# WHAT THE EXERCISE ASKS
Without any pictures, retype exactly the lines from the one with "A 19th Century" through the final line of the records.

-------- SUPPLIED MATERIAL

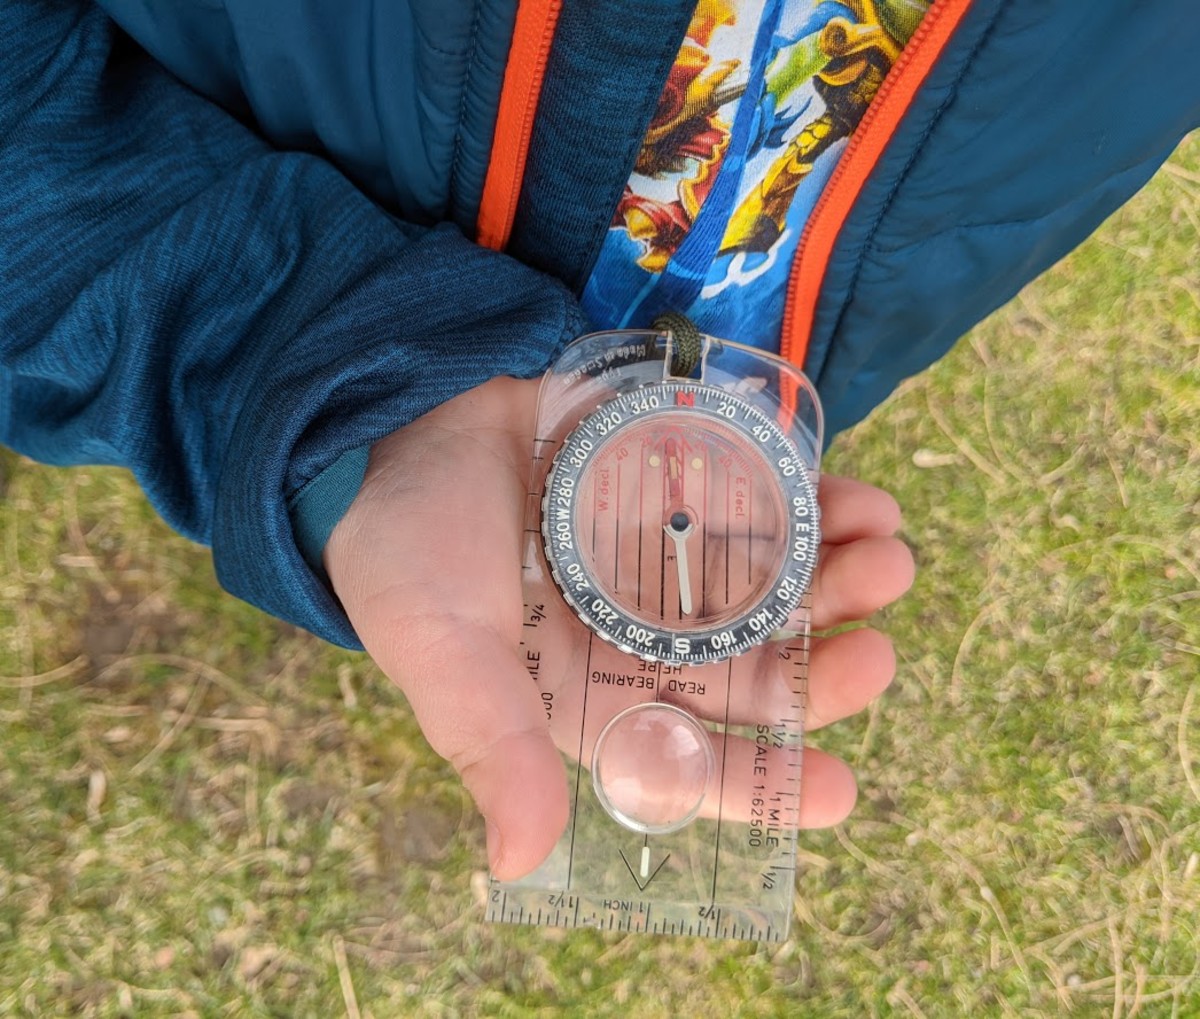 Following a compass bearing is an outdoor skill and an excellent exercise with geometry.  
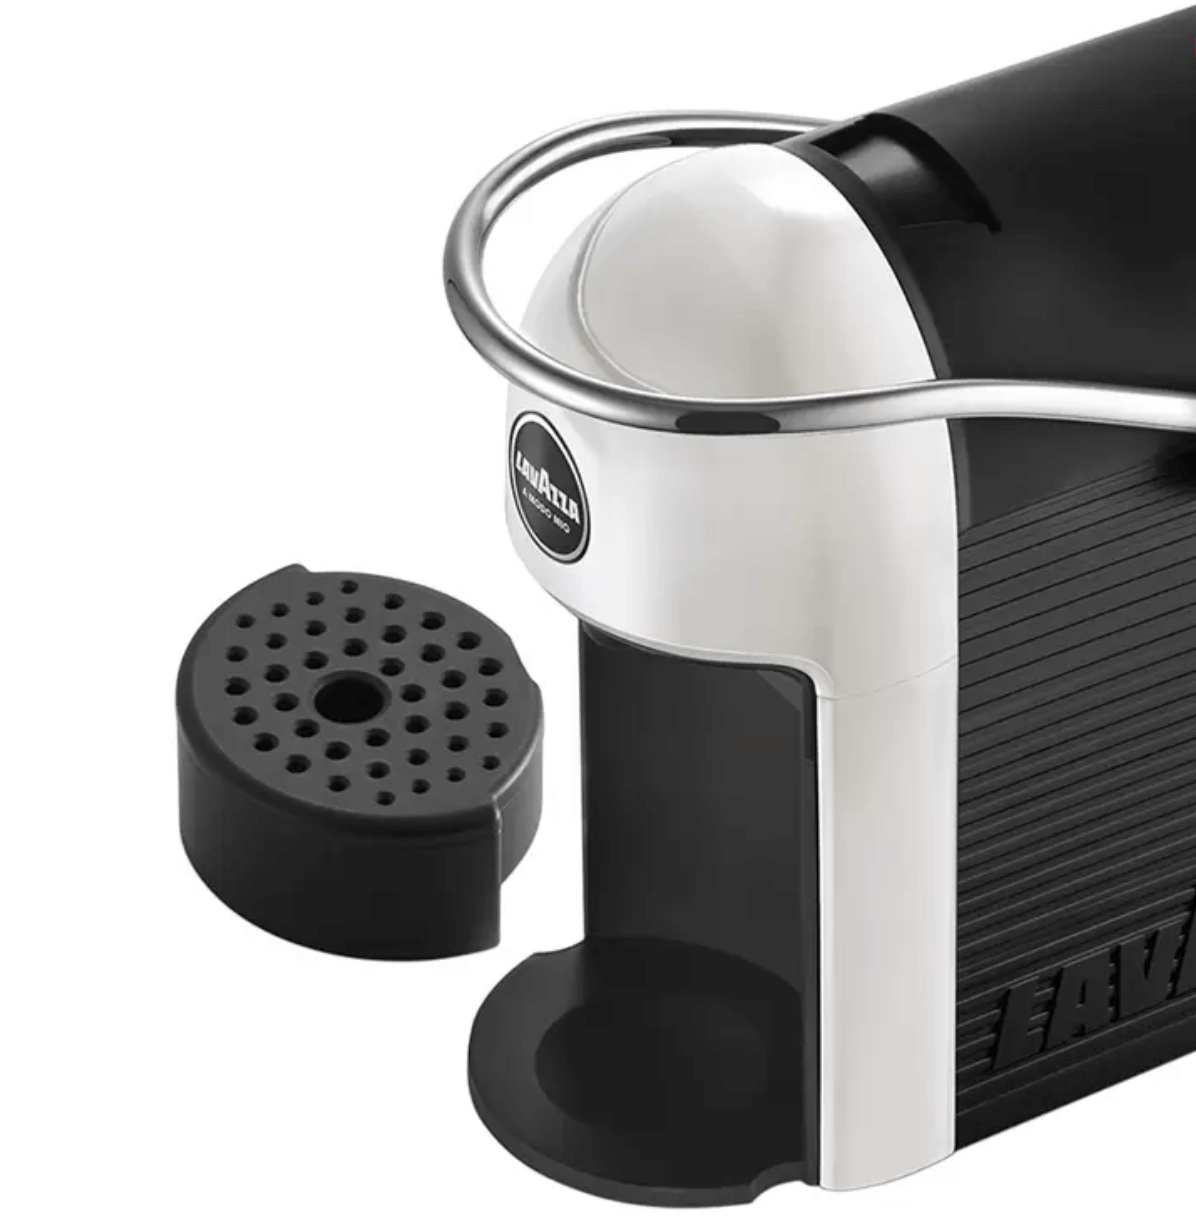 Lavazza Jolie Coffee Machine White with Milk Frother
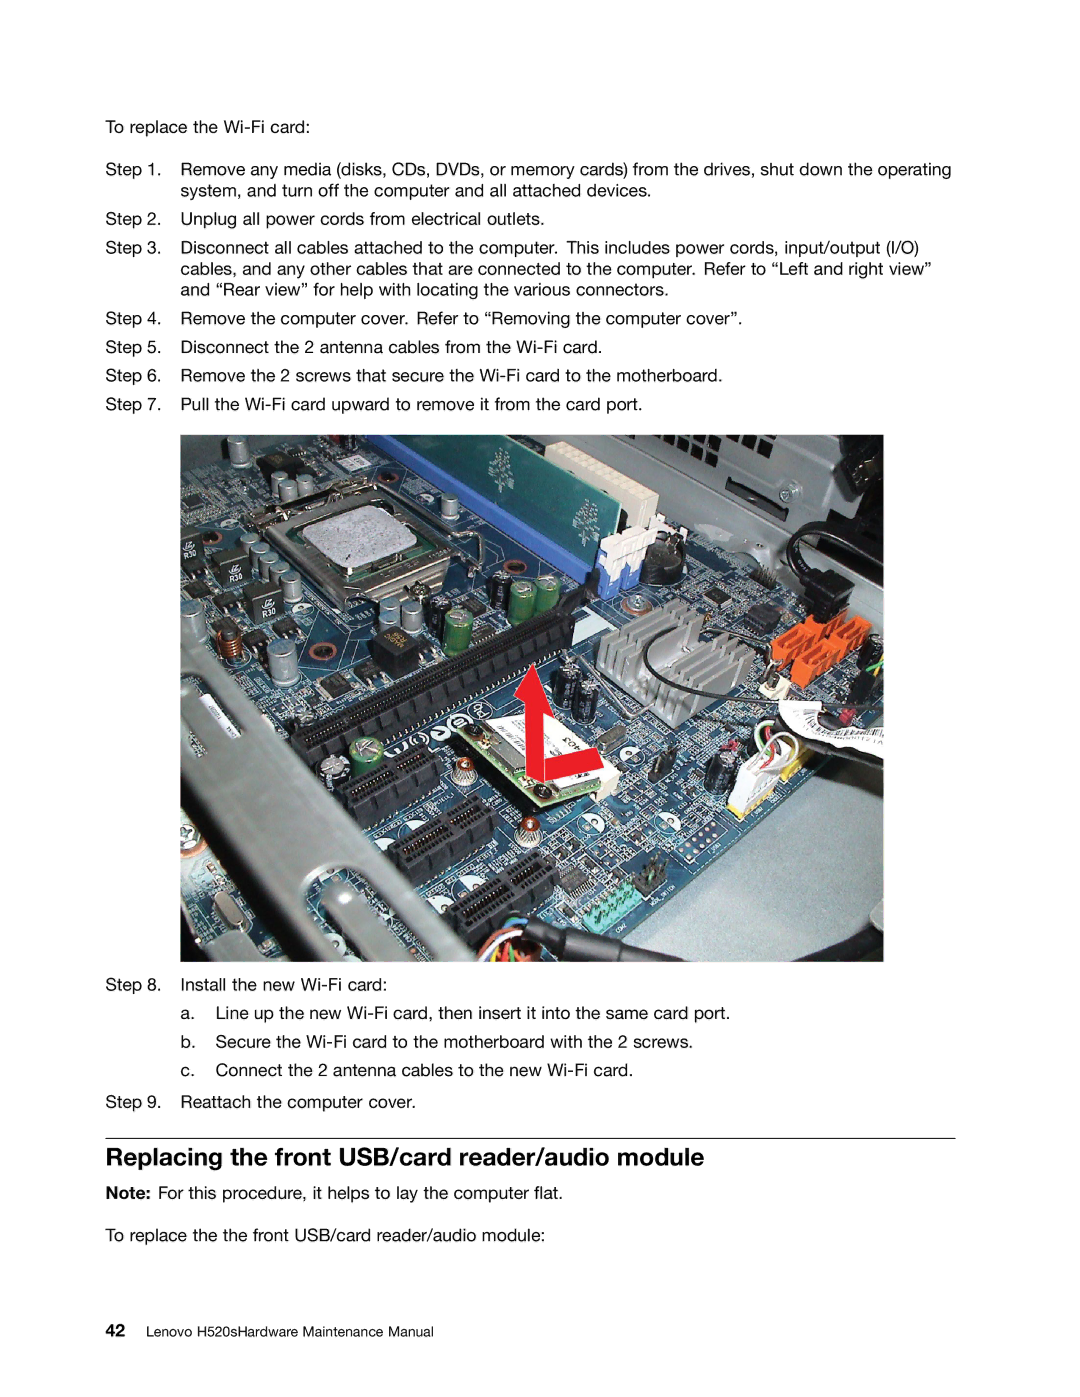 Lenovo H520S manual Replacing the front USB/card reader/audio module 
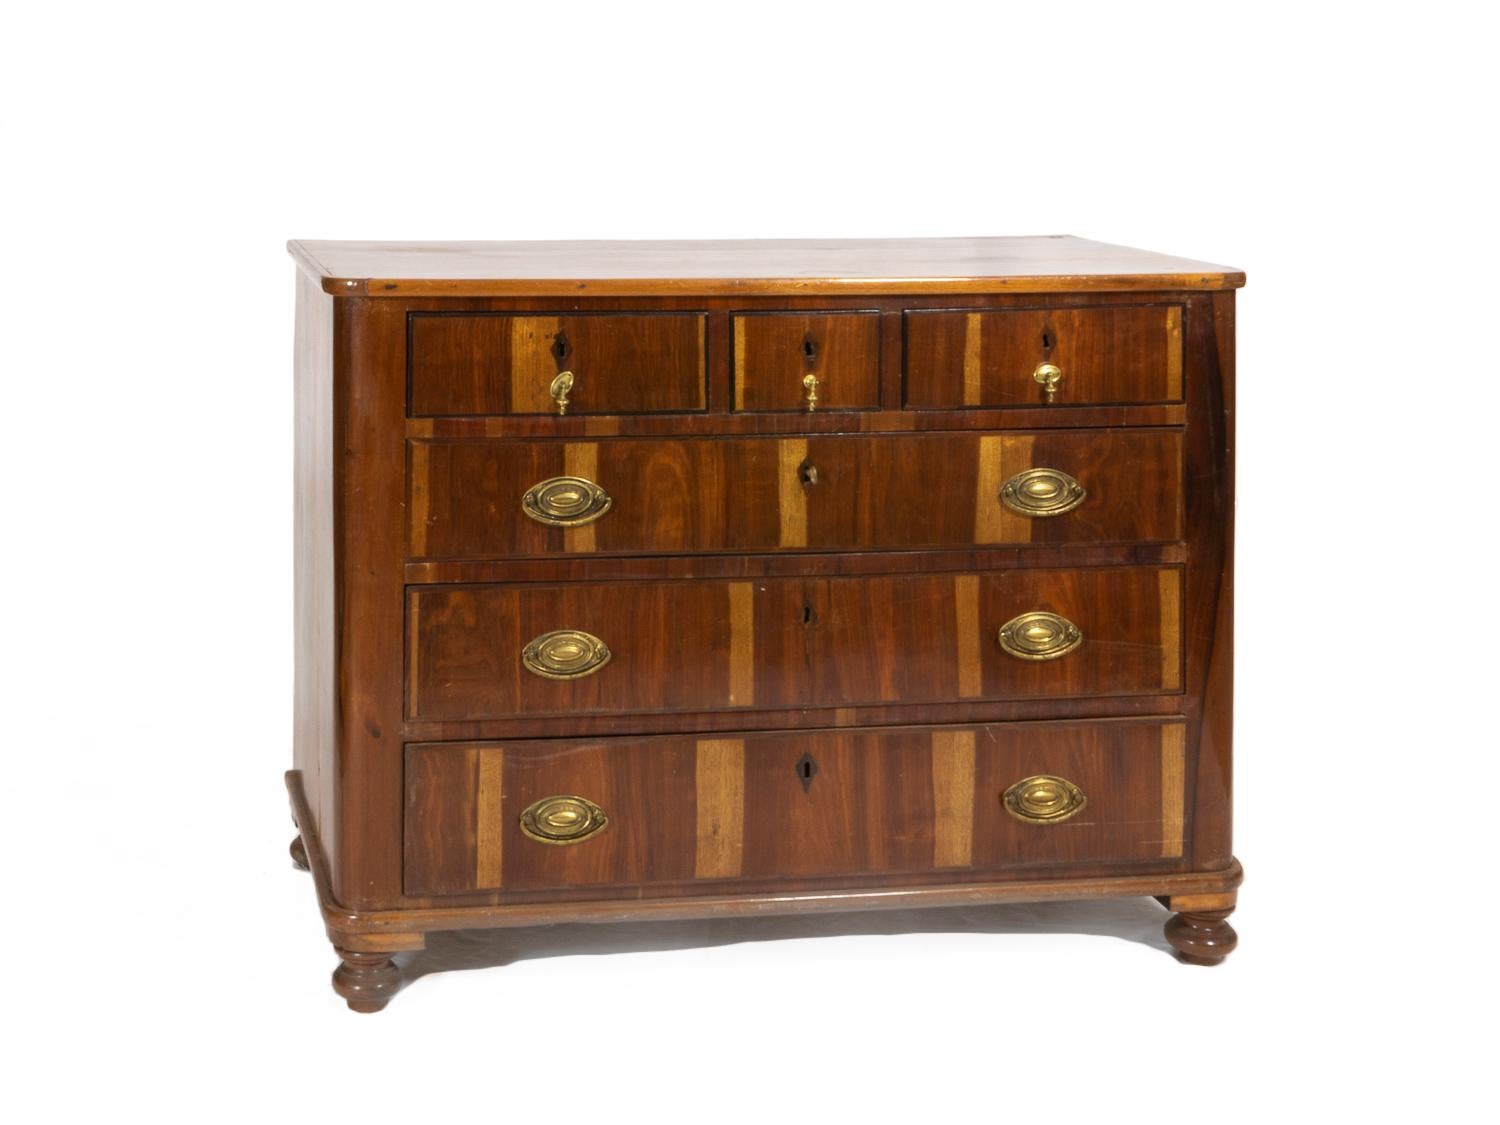 A 19th Century rare chest of drawers in vinhático (mahogany from the Madeira Island) with excellent marquetry work and circular gilded metal fittings, 3 large drawers and 3 small drawers.

Dimensions: Height 102 cm; width 65 cm; length 133

----------------

# RESULT OF THE TASK
 A 19th Century rare chest of drawers in vinhático (mahogany from the Madeira Island) with excellent marquetry work and circular gilded metal fittings, 3 large drawers and 3 small drawers.

Dimensions: Height 102 cm; width 65 cm; length 133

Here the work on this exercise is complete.